Дело в том, что средневековые упыри оказываются ровно настолько тупы, чтобы как раз и разглядеть в благородном доне Ярмольнике всесильное божество. Удел Ярмольника — научное наблюдение за бессловесными скотами, «кои ничем кроме анатомии от животных не отличаются и даже превосходят их в беззащитности». Но вместо этого, благородный дон становится полноправным жителем этого «доисторического» мира, начиная постепенно всё более переживать за его (мира) судьбу и судьбы конкретных небезразличных ему людей. Трагедия же заключается в том, что благородный дон Антон Ярмольник Эсторский шаг за шагом становится, наконец, хоть и вовсе не бессловесным, но вполне полноценным скотом. Ибо именно он (устав от фашистского зверства узурпатора Дона Рэбы, и разбитый смертью любимой женщины) устраивает, наконец, ту самую Арканарскую Резню, что послужит в итоге поводом к закрытию программы прогрессорства на всех без исключения планетах. В каком-то смысле Земляне действительно становятся богами, понявшими, что принести пользу зарождающемуся человечеству они могут одним единственным образом — уйти, оставив это человечество в покое со всеми его проблемами и жертвами. Дона Румату усыпляют газом после того, как он успевает убить несколько тысяч человек заодно с самим доном Рэбой, и возвращают на Землю лечиться психически до конца его дней. Но это у Стругацких. Что же у Германа?
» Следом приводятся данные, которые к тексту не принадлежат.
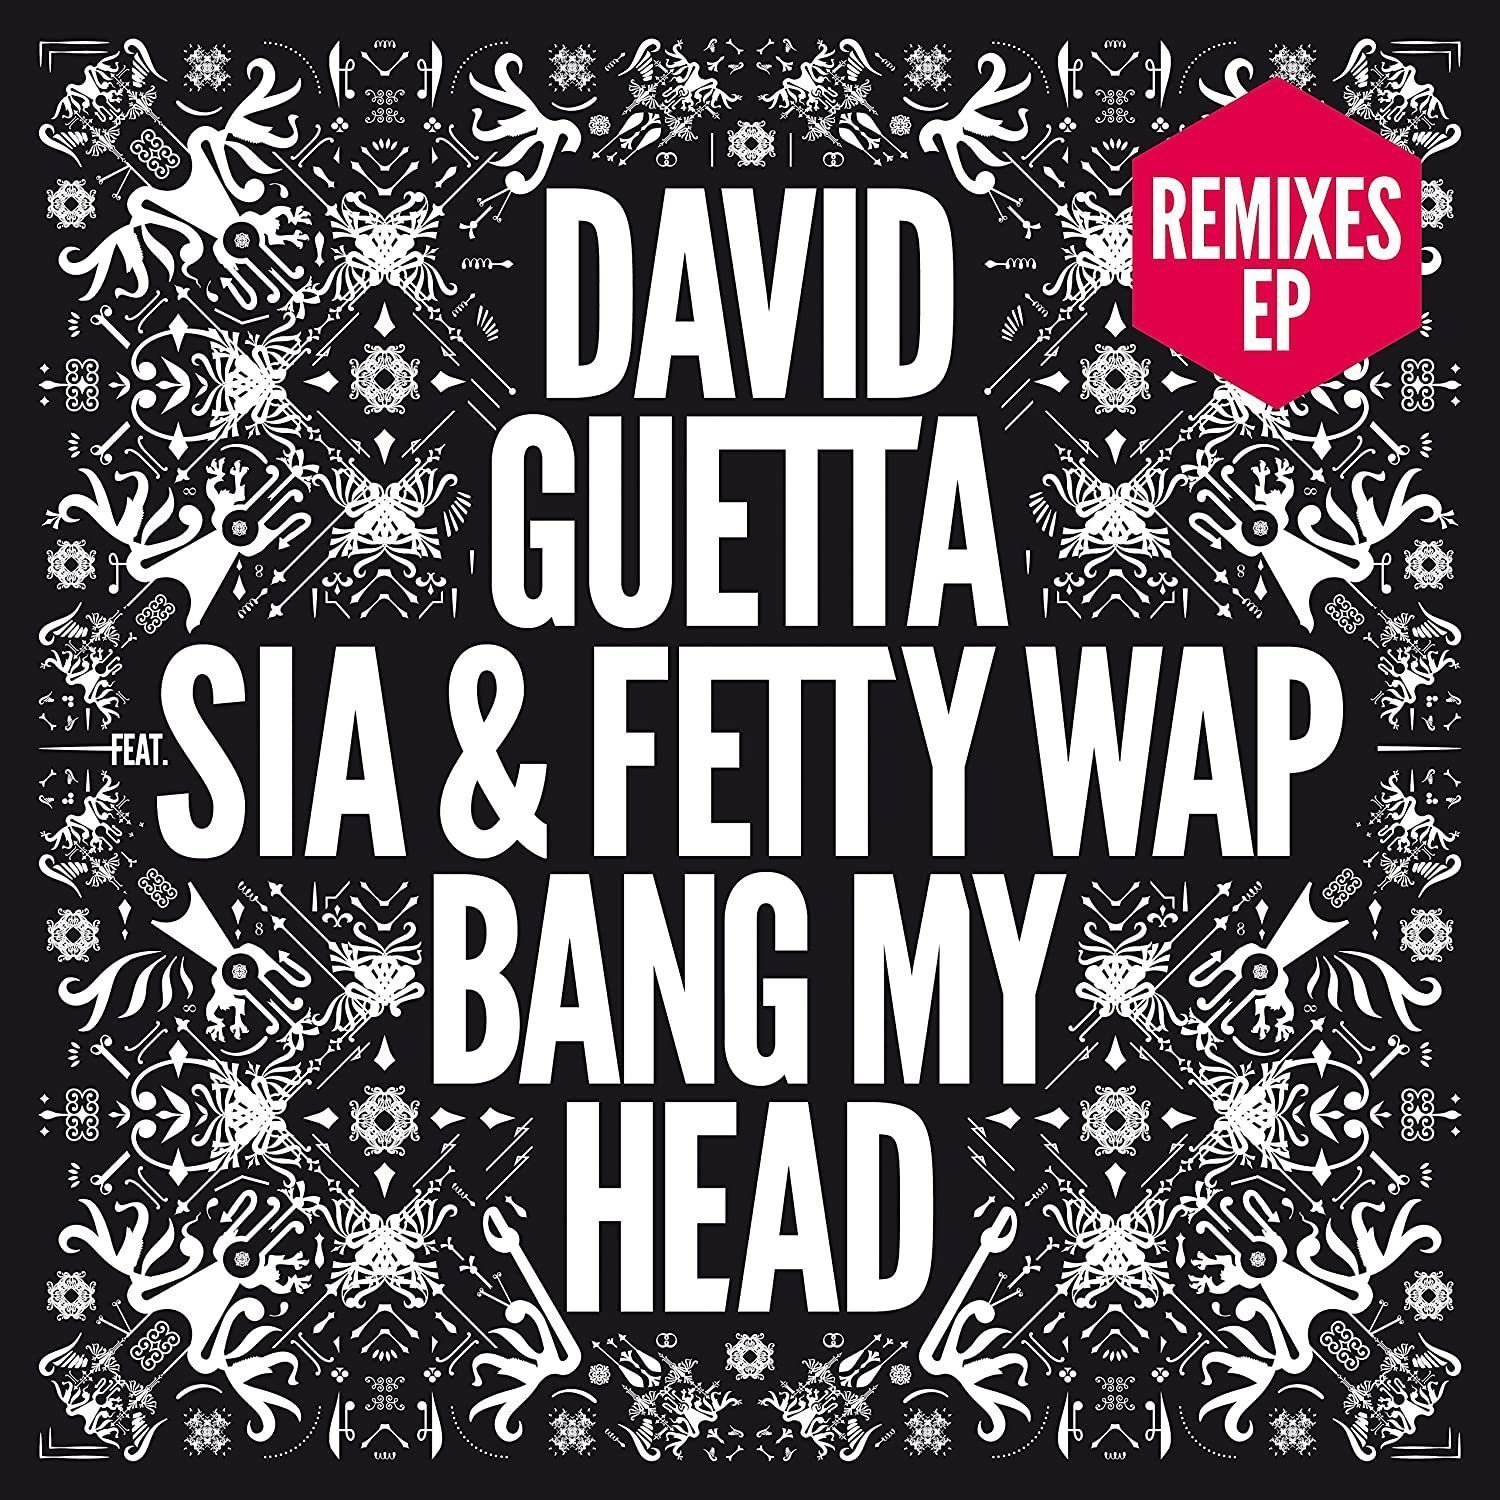 Disque vinyle David Guetta - Bang My Head (Feat. Sia & Fetty Wap) (LP)

Повторюсь, фильм недалеко ушел от сюжета книги, но. На моих глазах из зала в процессе просмотра уходили люди. Они ведь пришли на Стругацких, а получили Германа. Они как-то забыли, что Стругацких нужно читать (в идеале — писать), а не смотреть; в отличие от Германа, — читать которого совсем не обязательно, а вот смотреть нужно. Да, нужно. Через «нехочу». Объясню почему.
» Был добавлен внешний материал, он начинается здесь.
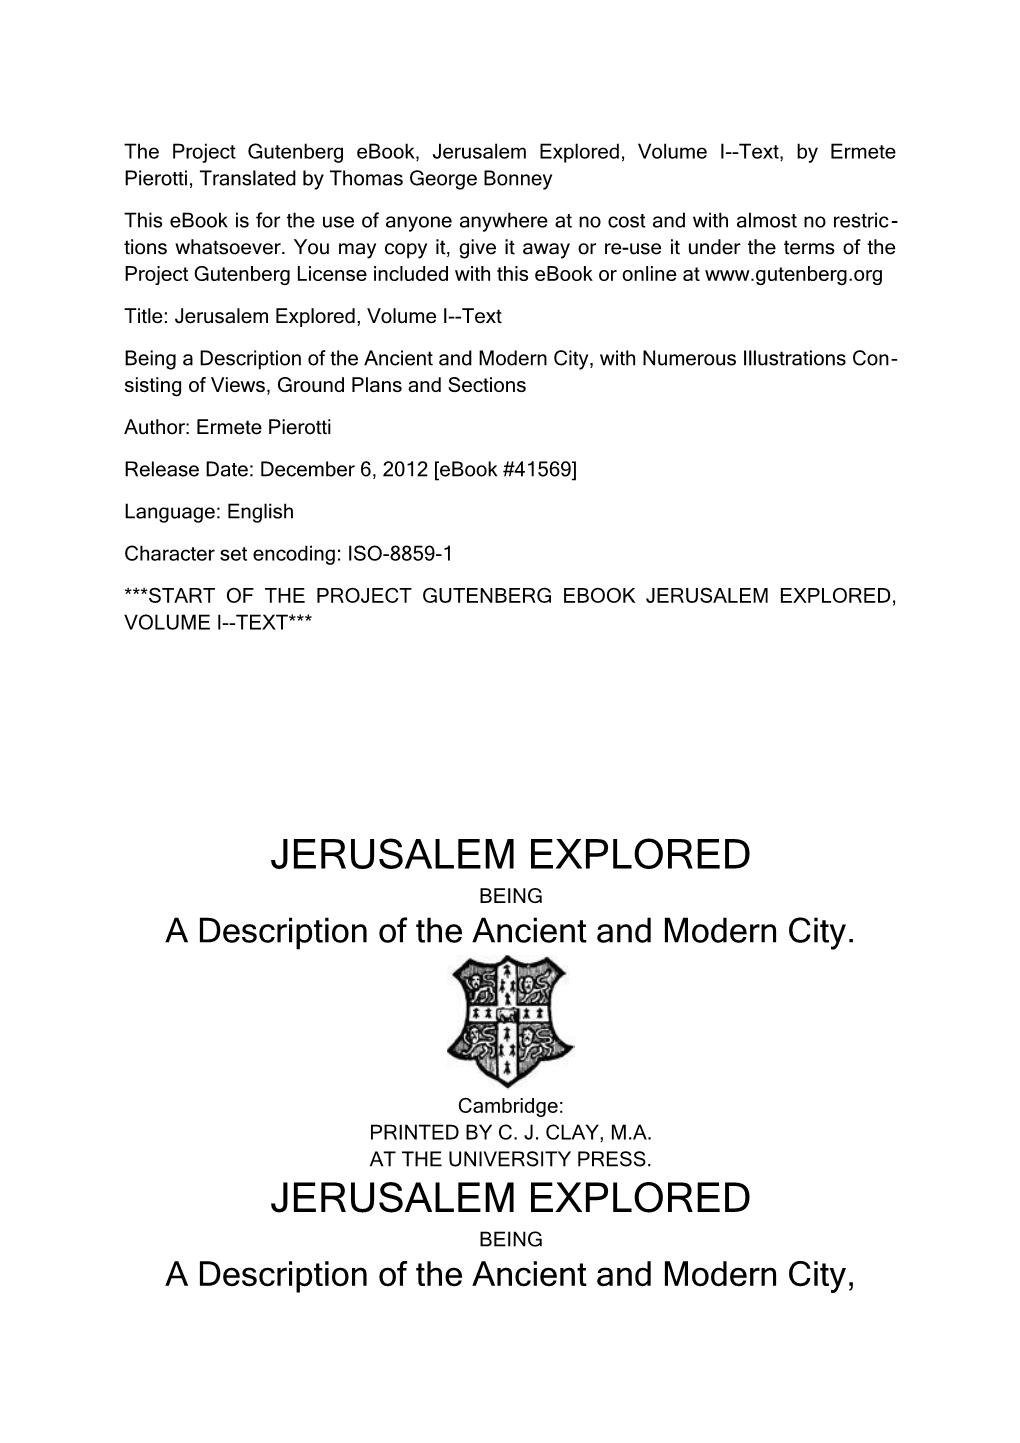 Title: Jerusalem Explored, Volume I Text

Фильм изобилует откровенными жестокими сценами, но лично у меня, как у искушенного зрителя, ни одна из них не вызвала отвращения, достаточного для признания картины непригодной для просмотра. Сцены, как сцены. Кишки, как кишки, говно, как говно. В этом плане ничего нового. Однако фильм всё равно напрягает. Чем? А вот это самое интересное.
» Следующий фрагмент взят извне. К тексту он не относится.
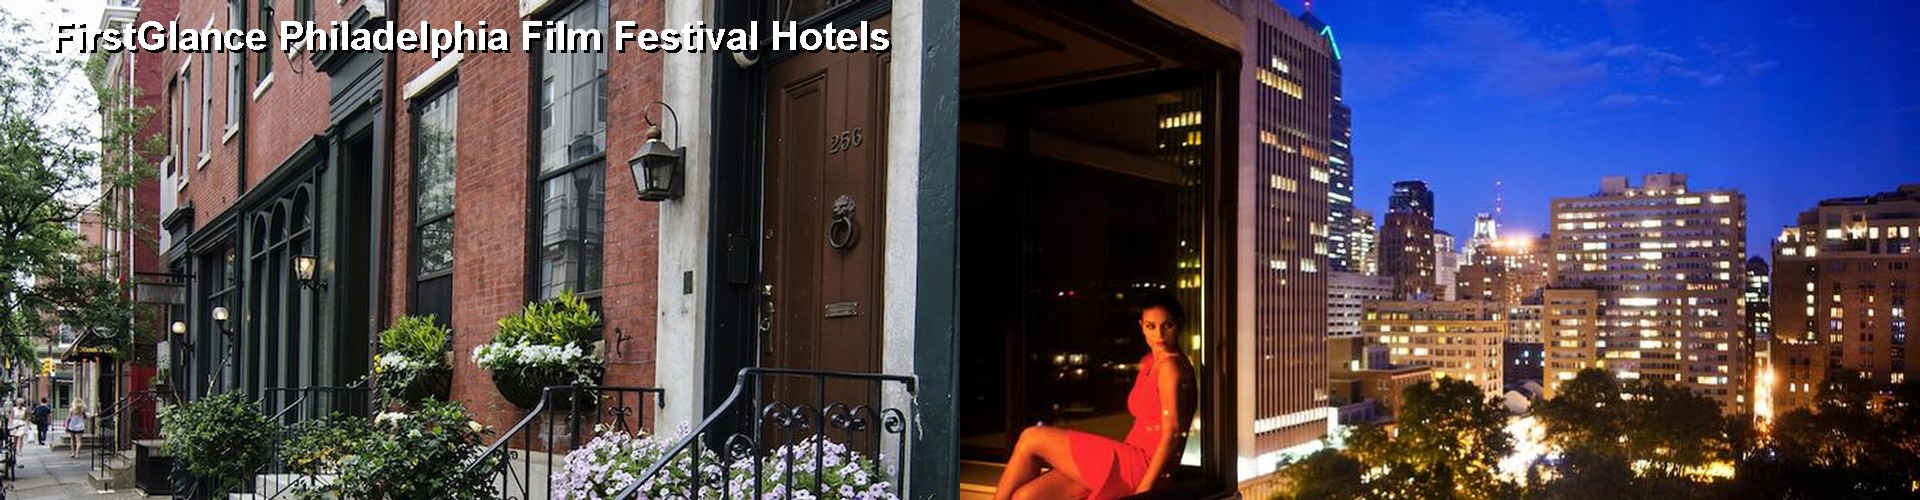 5 Best Hotels near FirstGlance Philadelphia Film Festival

Во-первых, в кадре всегда тесно. Здесь тесно героям, животным, реквизиту и самому зрителю. В каждом кадре все предметы (фекалии, женские «прелести», арканарская грязь и т.д.) оказываются очень близко к вашему интеллигентному лицу, что переносится тяжело. Во-вторых, почти всё, что говорят герои, — это невнятное бормотание, доносящееся с разных сторон одновременно. Т.е. разобрать сказанное персонажами очень сложно. Исключение — дон Румата, слова которого всегда отчётливы, спокойны и тихи. В третьих, — сами герои — все, как одни уроды, за редким исключением, типа барона Пампы, дона Кондора, Киры или самого Ярмольника. А в четвёртых, каждый из участников этого средневекового зверства постоянно норовит посмотреть в камеру, как бы заглядывая в кинозал. Мол, ну, чё? Нравится вам наша жизнь? А мы вот ничего, приспособились.
Но самое главное, — это, конечно теснота и духота. В кадре душно. В этом фильме совсем нет воздуха. Герман умудрился создать эффект непереносимой духоты и безумной плотности, сняв черно-белое кино. Единственным «свежим» открытым всем ветрам местом является здесь площадка висельников с гниющими трупами, облепленными рыбьей чешуёй — приманкой для птиц, охочих до человеческих глаз. Просачиваясь сквозь экран, в зал медленно, но неотвратимо вливаются запахи разложения, пота, жареного мяса, мочи, горящего воска, кислого вина, лошадиного навоза и свежей крови. Страдания героев почти незаметны на экране, но вместо них страдаете вы. И вот на этой мысли я бы хотел заострить внимание.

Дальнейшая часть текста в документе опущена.